You can test the script by executing it at the command line. When doing so you should see output similar to the following:
2016/04/01T10:38:09,index_name=windows,frozen_size_mb=95 2016/04/01T10:38:09,index_name=os,frozen_size_mb=67 2016/04/01T10:38:09,index_name=defaultdb,frozen_size_mb=4 2016/04/01T10:38:09,index_name=network,frozen_size_mb=14 2016/04/01T10:38:09,index_name=mcafee,frozen_size_mb=1 2016/04/01T10:38:09,index_name=all,frozen_size_mb=181
This format will be easy to parse for Splunk and will minimize the amount of both index-time and search-time configuration necessary to use the data.
Create the Scripted Input
Now that we have our script created, we'll create an add-on to package it and the inputs configuration. We'll call the app "acme_TA_indexer_metrics." The script will be stored in the "bin" directory inside of the app. The inputs.conf configuration will be stored in the "default" folder. The inputs.conf configuration would appear as follows:
---default/inputs.conf--- [script:://./bin/frozen_storage_metrics.sh] index=os disabled=true sourcetype=indexer_storage_metrics interval=3600
The scripted input is configured to send data to the "os" index, set the sourcetype to "indexer_storage_metrics," and run every hour (the "interval" attribute is set to 3600 seconds or one hour).

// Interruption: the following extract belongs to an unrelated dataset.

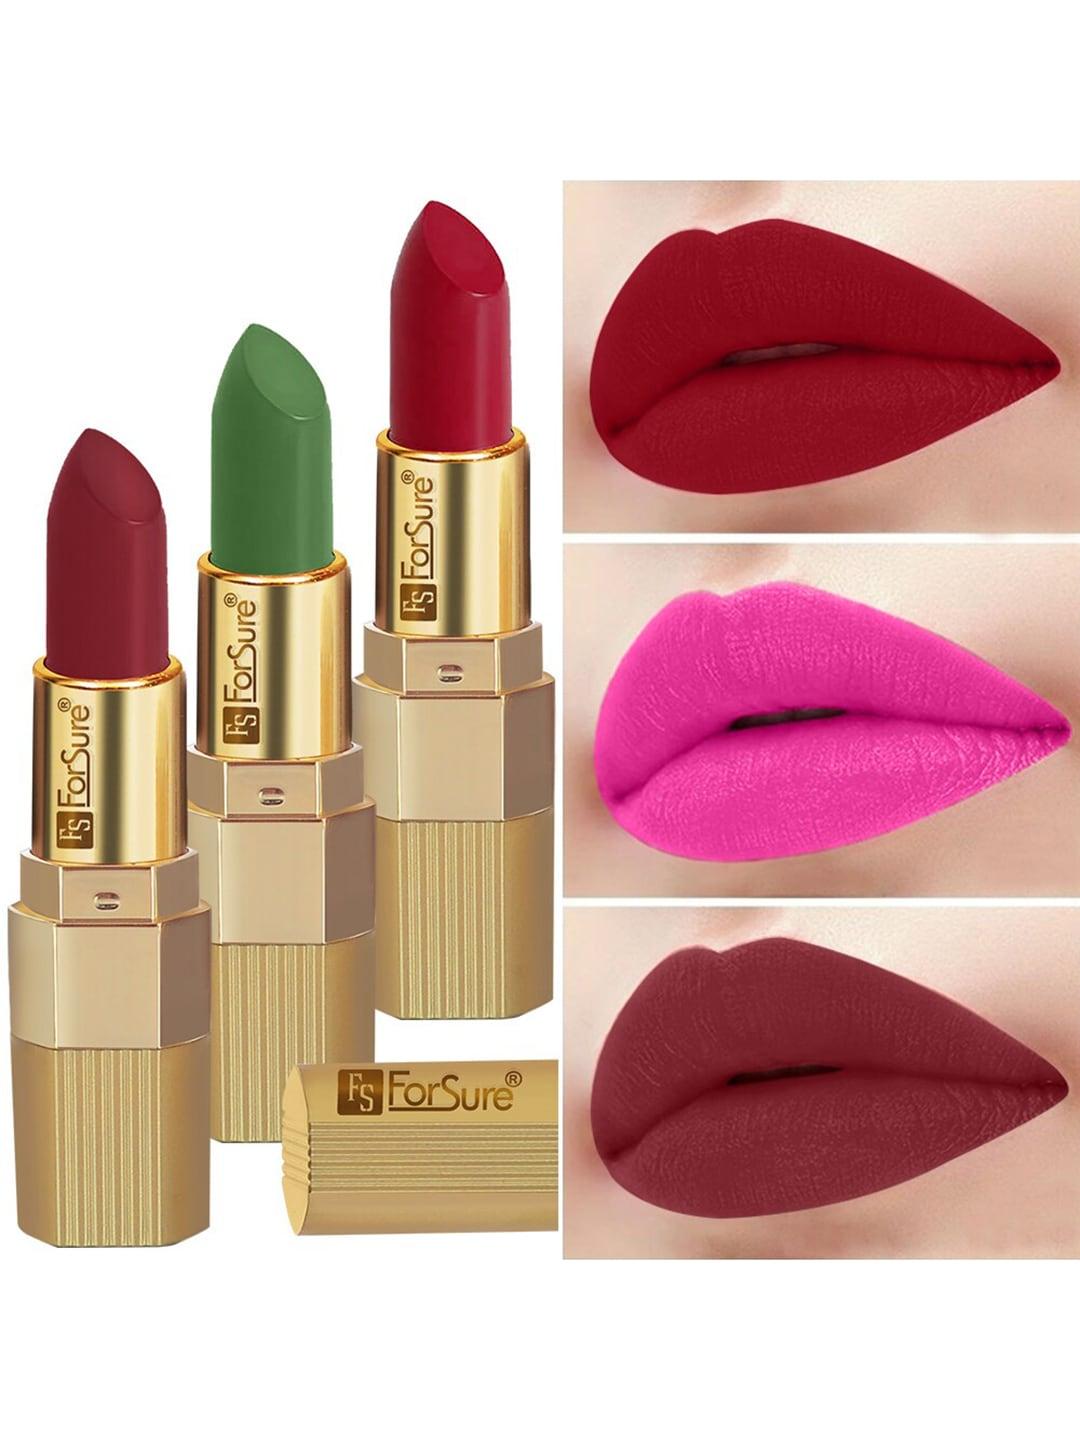 ForSure Set Of 3 Xpression Long Lasting Highly Pigmented Creamy Matte Lipstick - 3.5g Each

When activating the input, you can create a copy of the stanza in the inputs.conf in the "local" folder
---local/inputs.conf--- [script:://./bin/frozen_storage_metrics.sh] disabled=false
Not shown here, but index-time configuration to explicitly extract the timestamp and set line-breaking would be included in the add-on in the "default/props.conf" file.
In our scenario, this add-on would be configured with inputs enabled and deployed to the indexers which have access to the frozen data. It's main purpose there is to execute the script and collect the data. If additional search-time configuration was added to this add-on, it would also be deployed to the search heads. Note that Splunk needs to be installed on a server that has access to the frozen data. Another consideration is that if the data is not stored on the indexers then a portion of the file path could be extracted and used as a "hostname" field to identify which indexer the frozen data originated from. For example, the data might be organized in the following way "/data/frozen/indexer1," "/data/frozen/indexer2," and so on. The "indexer1" portion of the path could be used in this case to specify the indexer.
Now that this data is collected in Splunk you can use it for monitoring the size of archived or frozen directories. An example search would be
index=os sourcetype=indexer_storage_metrics index_name="all" | eval frozen_size_gb = frozen_size_mb / 1024 | timechart max(frozen_size_gb) by host
The above search would give the total size of each indexer's frozen storage over time.
Because frozen data is "orphaned" from Splunk, alternative ways can be created to gather metrics on this data. This approach covered how to collect storage size for archived data. This approach could also be used to collect metrics such as number of buckets. Thanks for reading and happy Splunking!